Город, мать его — жил.
Брели люди, мамашки тащили за руки упирающихся детей, медленно ехала одинокая машина, группа рабочих разгребала какой-то завал, на перекрёстке стоял и курил молодой солдатик, который увидев меня, попытался обратиться ко мне со словами — «Эй, малой». Увидев мой оскал (надо бы к нему старлейские погоны добавить), немедленно осёкся.
Что крайне важно, пара человек разговаривали по мобильникам. Ага, значит связь начали восстанавливать?
Над зданием администрации области гордо развевался государственный флаг, на пороге ещё одна группа солдат, не то курят, не то охраняют вход.
Здесь не действовала пространственная блокировка, так что я резво очутился в здании и принялся бродить, никому особенно не интересный, пока не столкнулся с девушкой-снайпером Станиславой, которая, увидев меня — вспыхнула взглядом, потом картинно стала по стойке смирно.
— Здравия желаю, товарищ старший лейтенант! — она слегка закатила глаза и придала голосу максимальную издевательский тон. Но ведь тон к протоколу не пришьёшь, верно?

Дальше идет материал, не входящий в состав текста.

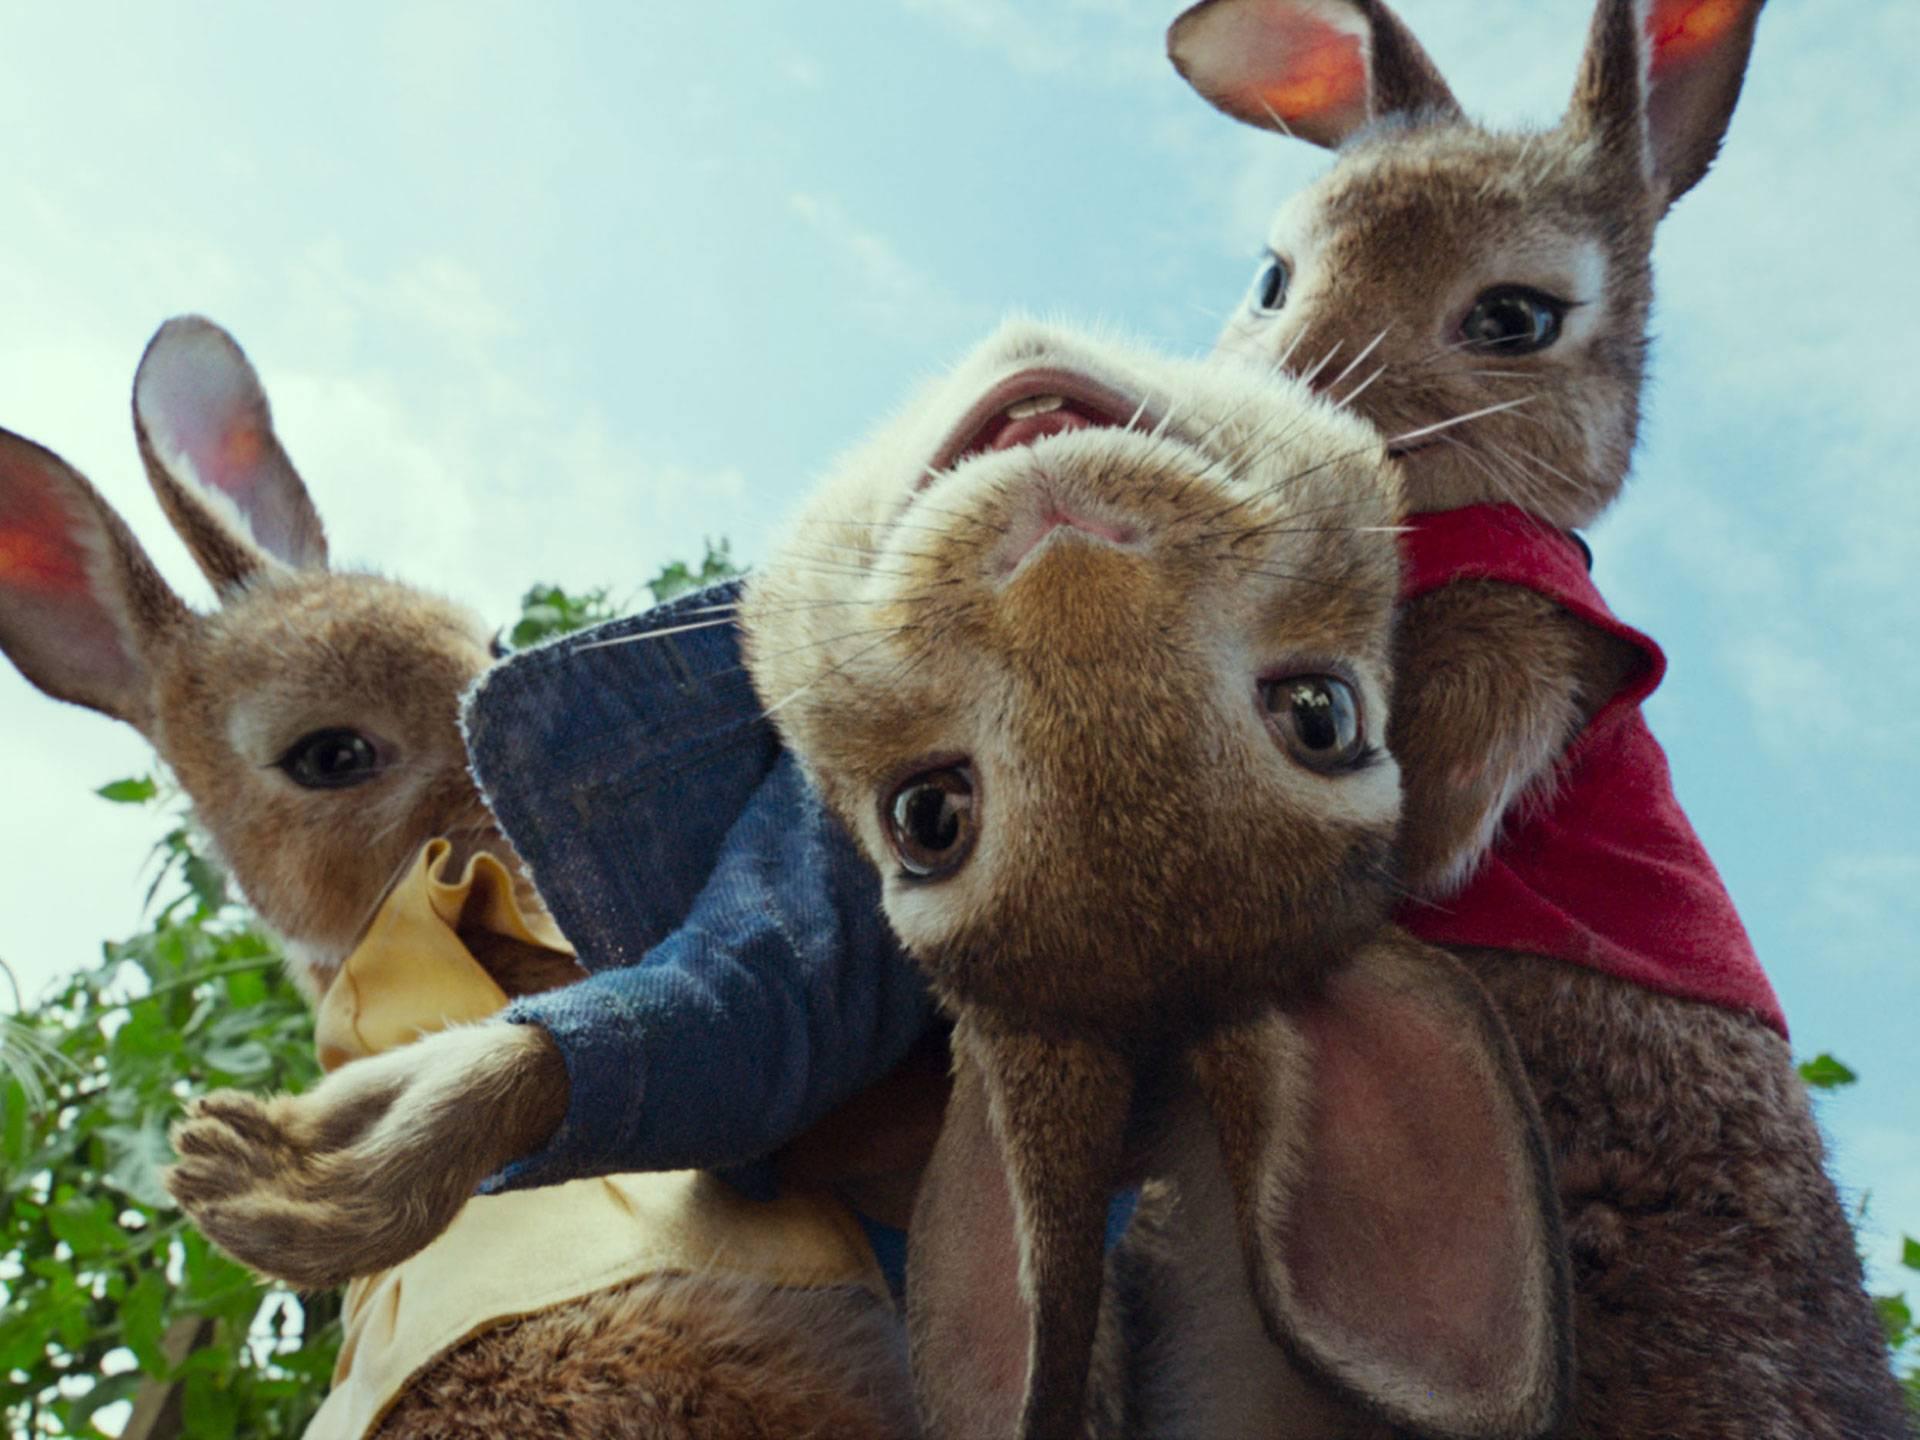 mgid:file:gsp:scenic:/international/nick-intl/images/series/orange-carpet/ep-24-peter-rabbit/peter-rabbit-04.jpg

— Отставить, Хрумова. Вольно.
— Как скажете, товарищ старший лейтенант.
Она на поменяла позу и в глазах её плясали черти. За эти дни она взяла пару уровней, так что, вероятно, после взятия кремля было всё ещё весело, если даже снайпер отличился в ближнем бою.
— Хрумова, что за тон? Ты хоть скучала по мне, скажи честно?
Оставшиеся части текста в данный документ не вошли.